Brexit: Mind the Gap between Market Integration and Trade Liberalization


September 19, 2018
4:30pm - 6:00pm
Hoffmann Room, Adolphus Busch Hall
September 19, 2018
4:30pm - 6:00pm
Hoffmann Room, Adolphus Busch Hall

The protracted Brexit negotiations have shown the current gap between two paradigms of international economic cooperation. Internally, and with a small group of neighbors, the European Union operates a market integration system, which has developed over several decades. It is a system which has become ever more sophisticated, and has moved further away from more traditional forms of international trade liberalization. The United Kingdom's attempts to argue for an intermediate form of cooperation/integration have fallen on deaf ears. This talk will show that there are important legal, institutional and political reasons for the gap, which cannot be easily bridged. It is based on a study authored for the European Parliament's International Trade Committee.

About

Piet Eeckhout is Dean of the Faculty of Laws, University College London, and Professor of European Union Law, as well as Academic Director of the European Institute at University College London.

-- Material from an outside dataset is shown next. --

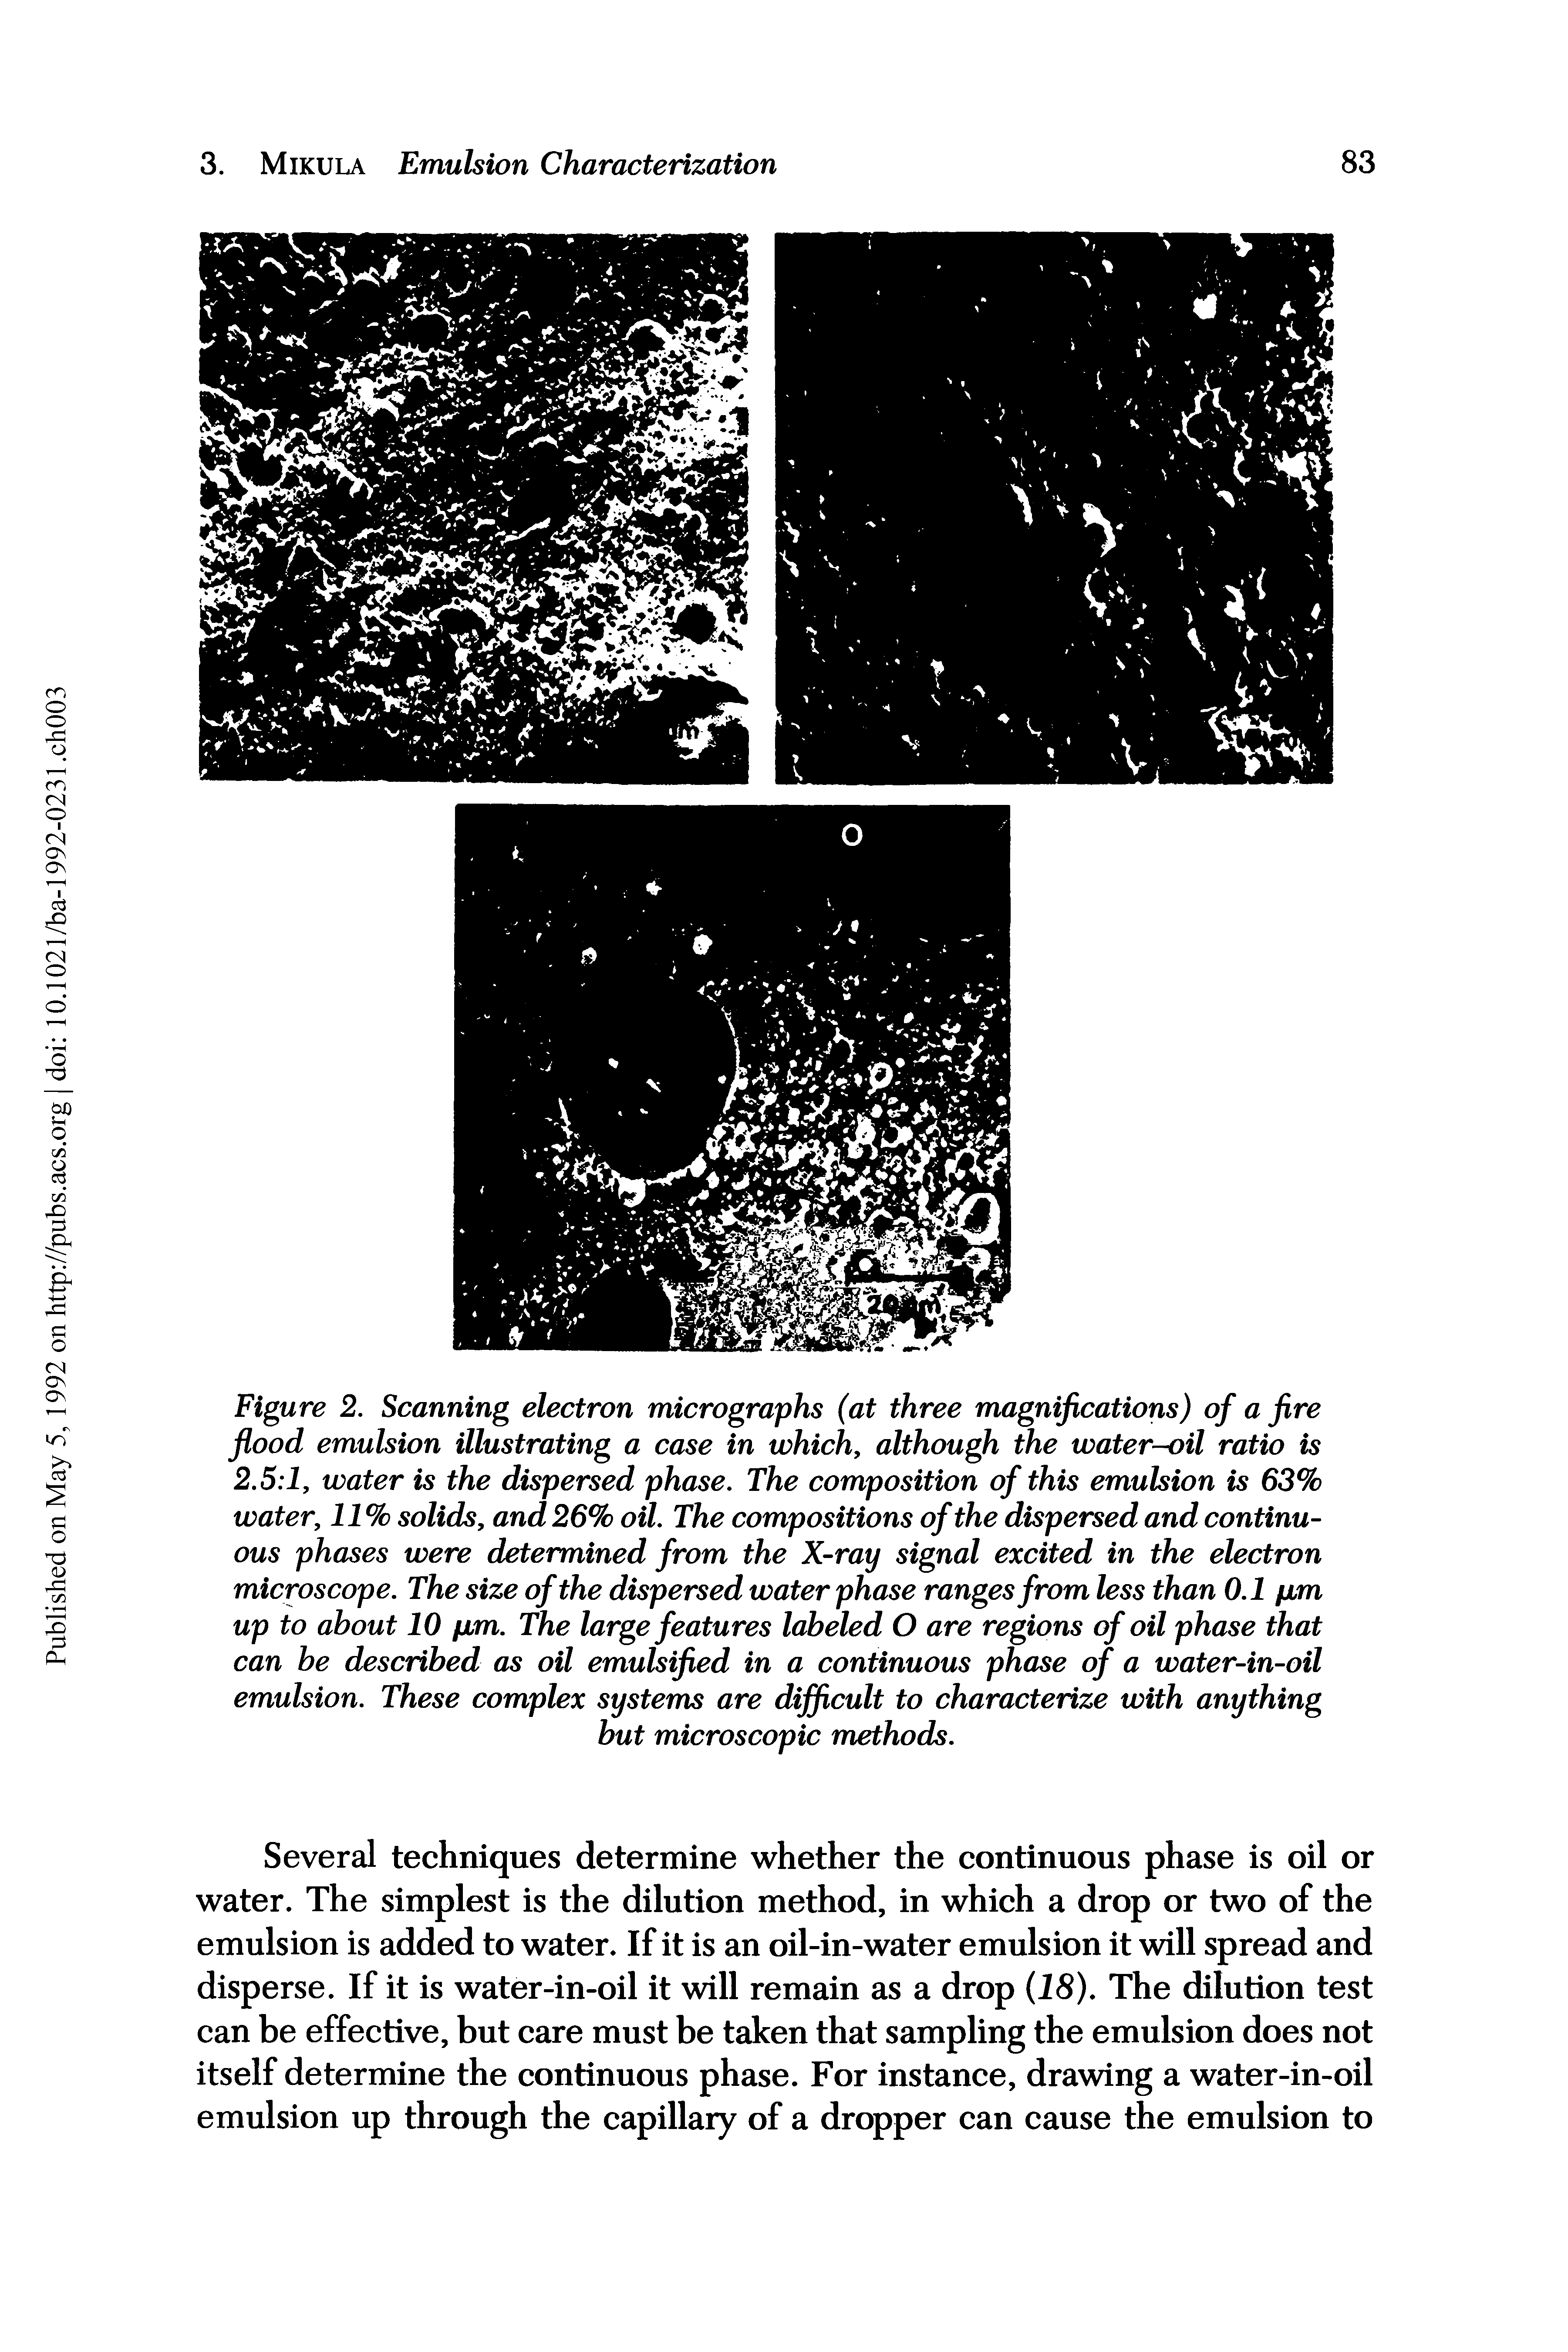 Figure 2. Scanning electron micrographs (at three magnifications) of a fire flood emulsion illustrating a case in which, although the water-oil ratio is 2.5 1, water is the dispersed phase. The composition of this emulsion is 63% water, 11% solids, and 26% oil. The compositions of the dispersed and continuous phases were determined from the X-ray signal excited in the electron microscope. The size of the dispersed water phase ranges from less than 0.1 pm up to about 10 pm. The large features labeled O are regions of oil phase that can be described as oil emulsified in a continuous phase of a water-in-oil emulsion. These complex systems are difficult to characterize with anything but microscopic methods.

He is co-editor of the Oxford EU Law Library (Oxford University Press) and of Europe and the World - A Law Review. He has worked at various European universities, as well as in the European Union Court of Justice (Chambers of then Advocate General Jacobs). Eeckhout’s research covers many areas of EU law and international economic law. He has published papers on EU constitutional law, human rights law, internal market law, judicial protection, state aid law, and on various questions of WTO law. One of his main research interests is EU external relations, and his monograph on the subject is the leading text in this area.